Everyone seems to be involved in this challenge. Lady Gaga, Britney Spears, Bill Gates, Mark Zuckerberg and many unknown people have joined the campaign. Even if  this is not enough, people who do not believe in peace are following this campaign as well. On August 20 George W Bush joined the campaign and it is not very unlikely that Ahmadinejad will also do the same. Gaddafi and Laden would have also joined this trend, had they been alive.

However, it doesn’t matter what it really looks like. The purpose of this campaign has gone to the margin since the founders of the campaign had not elucidated it.
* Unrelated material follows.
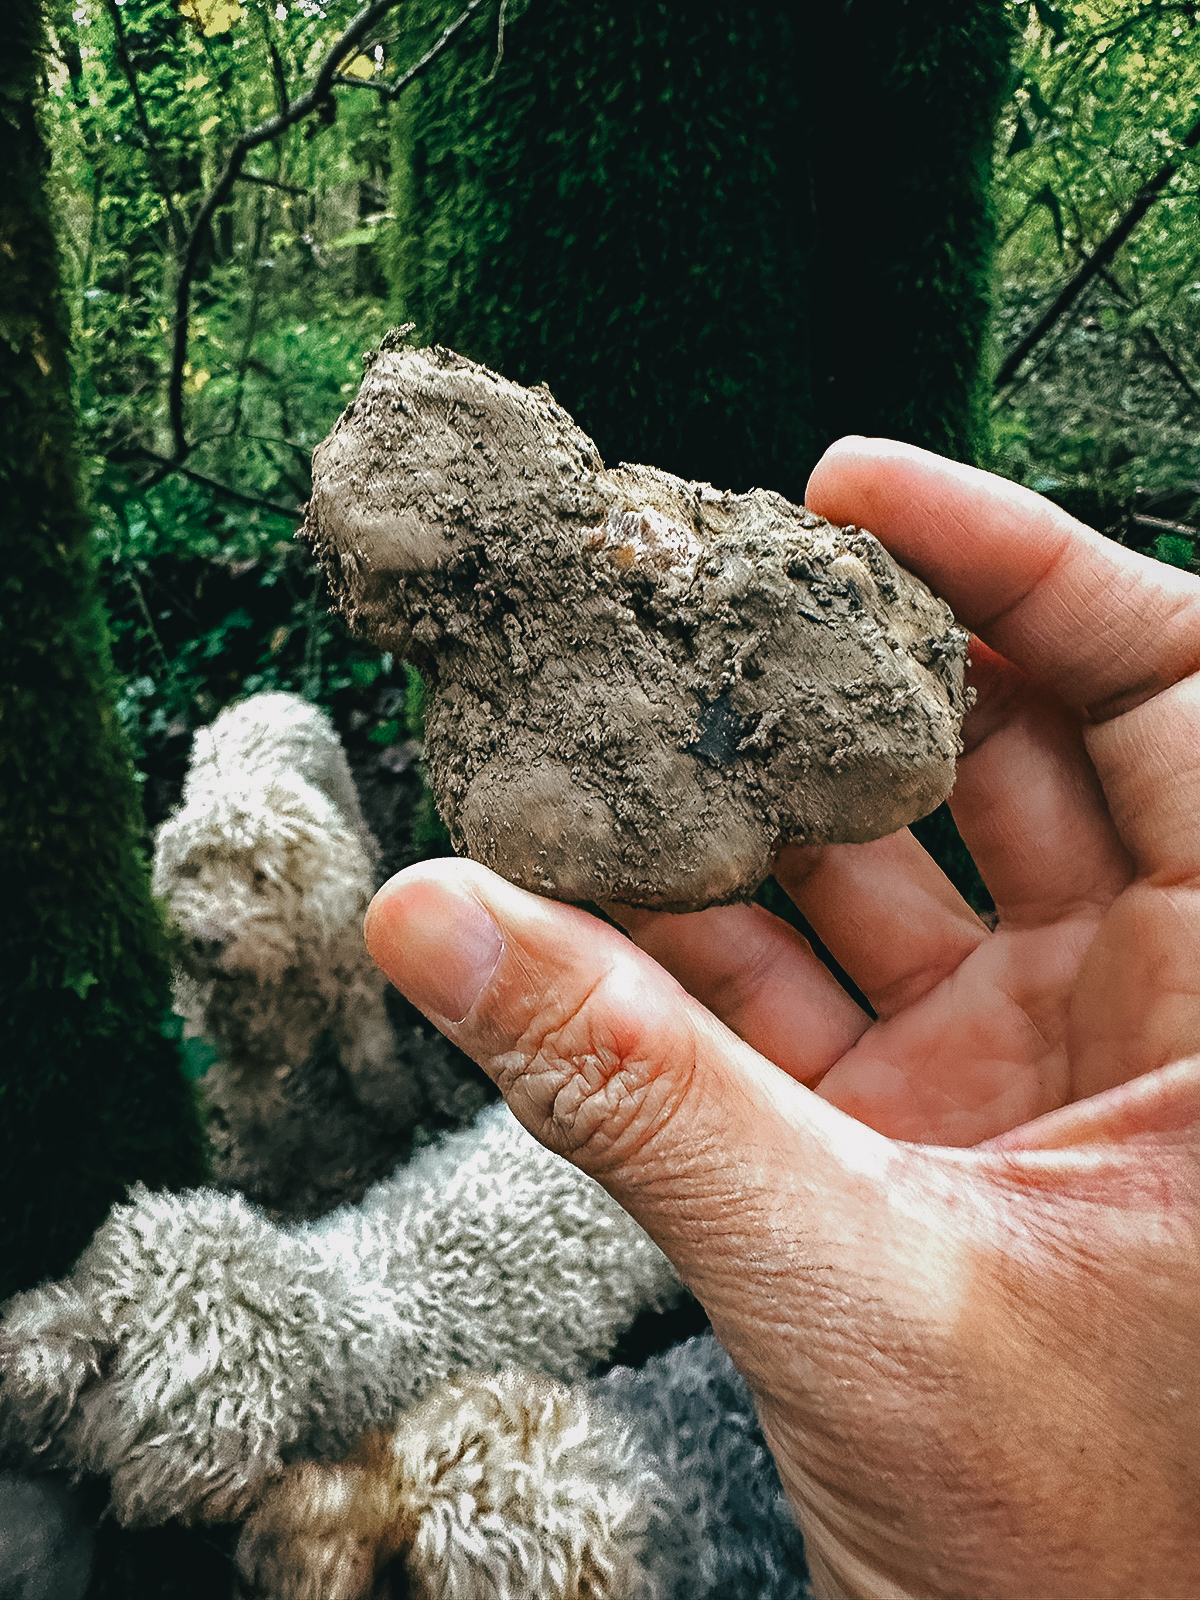 A big white truffle
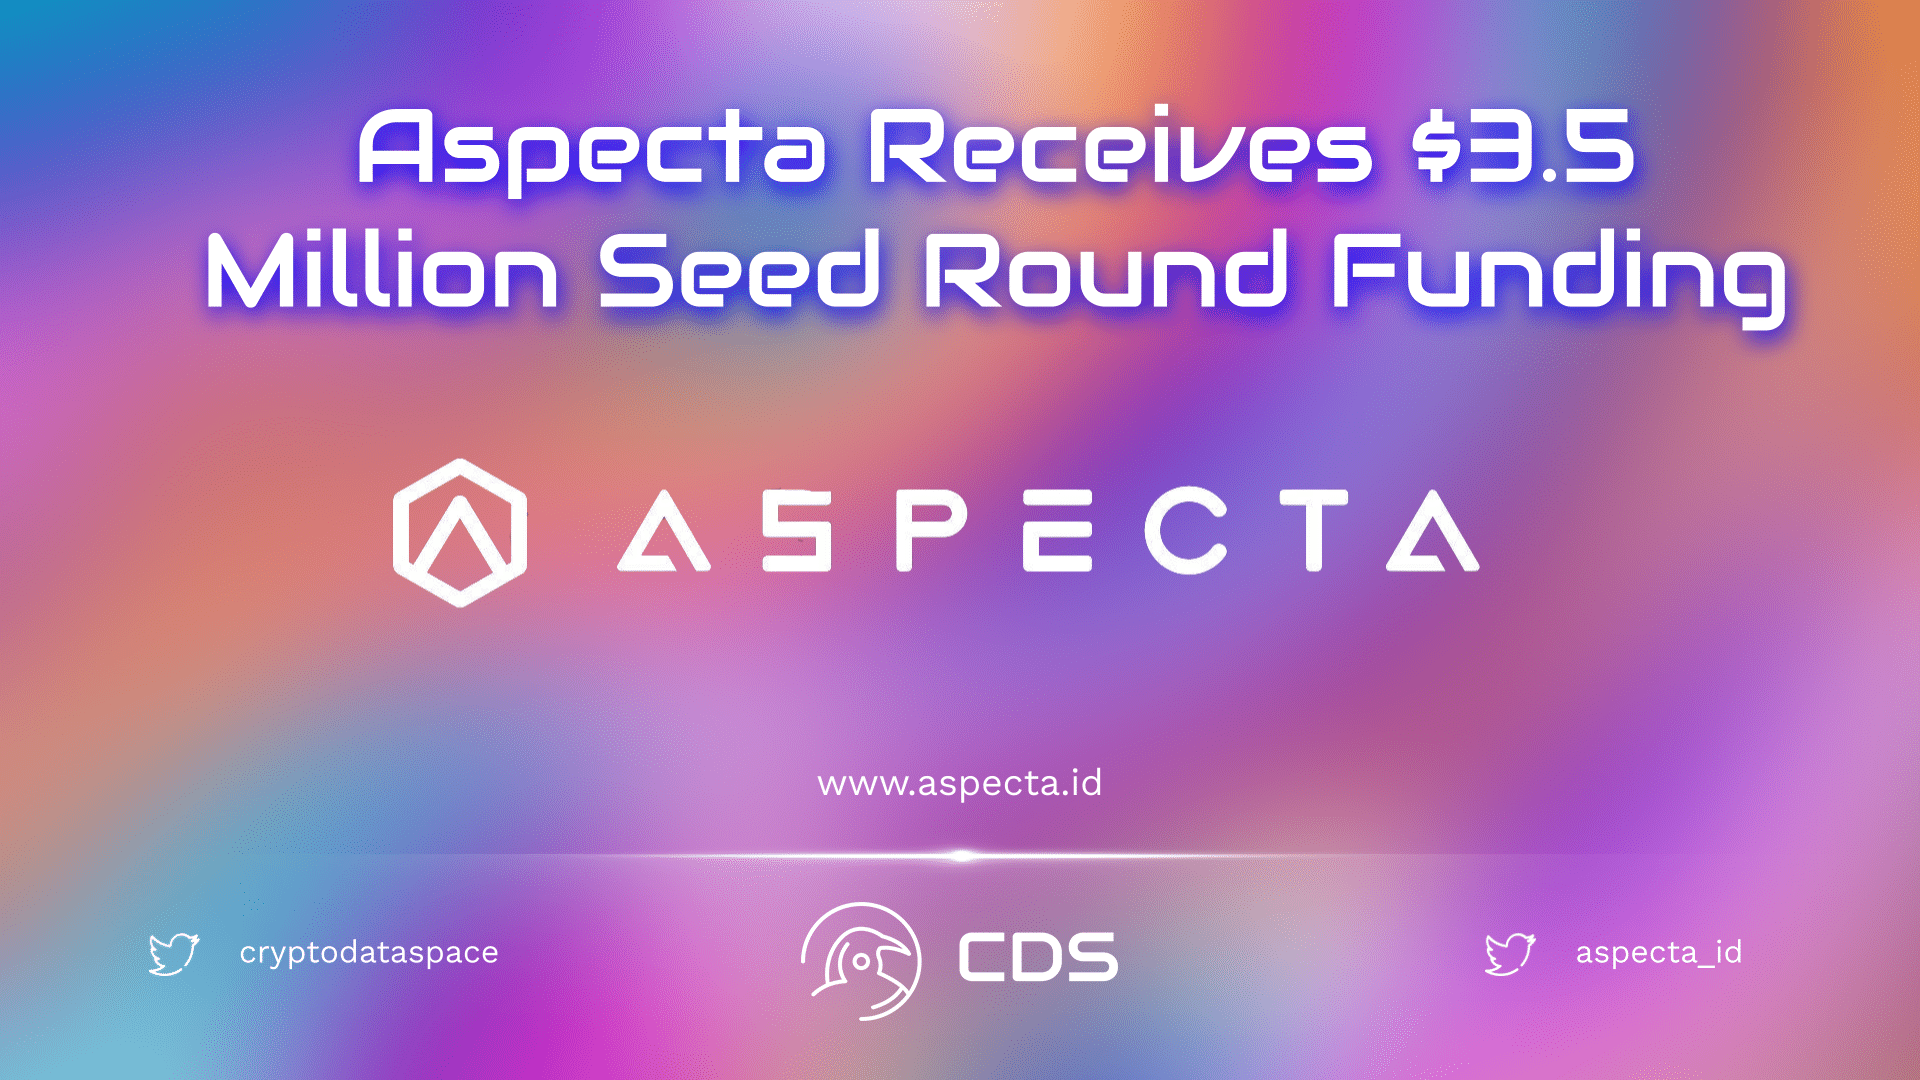 Aspecta Receives $3.5 Million Seed Round Funding

Now, many active users of social networks are looking for a bucket and everyone indeed is trying to share his or her unique video with a high probability of hits on YouTube.

I do not believe that people, even many of those who have joined the campaign, know much about ALS. The Ice Bucket Challenge is more like the Wazzup of Budweiser, a campaign that managed to spread a new way for pronouncing What's up among Americans, but it could not help Budweiser beat its German opponent Heineken. Probably, it could not even compensate for the cost of Wazzup Campaign. For the Ice Bucket Challenge campaign, however, I believe that this challenging campaign is facing a major challenge. After the ice bucket fever diminishes a bit, we should ask ALS Association “Hey, Wazzzzzup?”

But what’s the reason for despair over this cute campaign? My experience has shown me that very cute campaigns lose sight of the ultimate goal, and despite the loud cries they let out at first, At the end they have a low and frail tone about the money they had made.

In a brief exchange of ideas about this campaign I had with Al Ries, he said:
The ice-bucket challenge got buckets of publicity, but not that much money. Furthermore, it didn't say anything about why the ALS Association needs the money. For sufferers? For finding a cure? Or for what? Having said that, the challenge itself is a good example of the power of a "visual hammer" in developing interest in a brand. More companies should create such innovate ideas.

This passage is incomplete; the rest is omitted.